NJ @ A Cookie Before Dinner says
It was an honest accident I’m sure. I doubt the food was so terrible that you thought “yeah, you know what.. this food was so poor I just need to BURN this place down and do everyone a favor.”
Dana says
Exactly! Regardless of who was at fault, it was an accident. And that room needed a makeover anyway.
Sarah Ruth says
That’s so crazy! I never would have thought about something like that happening. I’m glad everything worked out ok!
Stopping by from SITS
Dana says
Thanks for stopping by, Sarah! Yes it is a crazy story – fortunately I don’t have too many of them to tell.
Janine Huldie says
This totally made me think of when we were on our honeymoon. We were sleeping at around 4 am in bed, when we smelled burgers and fries. Kevin opened the door and sure enough there was a room service tray with burger and fries. We never did take it in, because we didn’t order it and wanted to go back to sleep. I was more afraid that we would get in trouble for taking someone else’s food inadvertently, but never imagined setting a fire. Just glad it turned out ok and all is well that ended well!
Dana says
It ended well – but it took months to resolve and the whole time I was waiting for the cops to show up at my door step and haul me away. I was a bit melodramatic in my twenties.
Kim says
I hate when I leave the room service tray in the hallway and it is still there the next evening!!!

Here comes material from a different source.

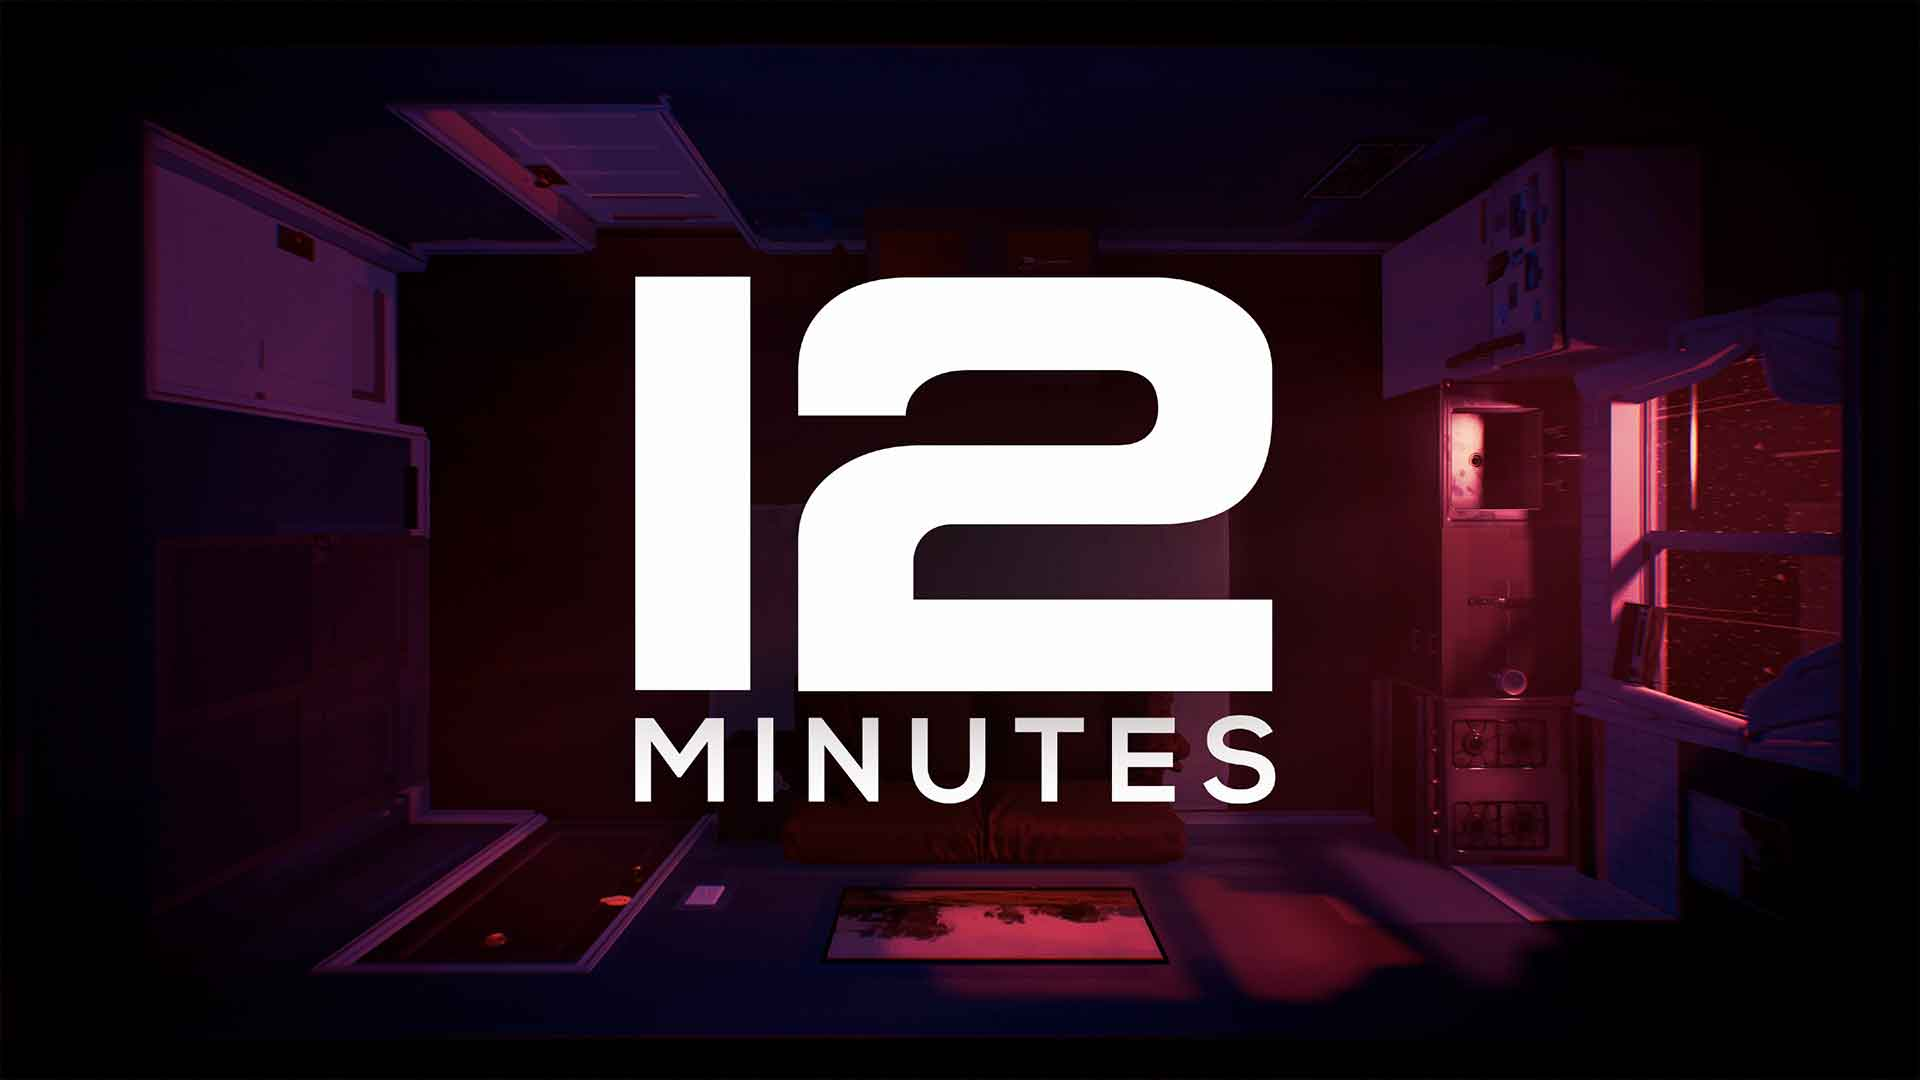 Twelve Minutes, GamersRD

I’m glad that everything worked out – and especially that you weren’t arrested – that would pretty much have sucked!!!
Dana says
Pretty much!
Nicole @ Work in Sweats Mama says
Oh my gosh! This is a crazy story. I’m glad they didn’t haul you away in an orange jump suit! I doubt this will deter me from ordering room service on future business trips, but I’ll be sure to put the tray outside my room and leave it there!
Dana says
How often does your room have a stove in it anyway? It was one of those hotels where all the rooms are efficiencies. I’ve never stayed in one like that again.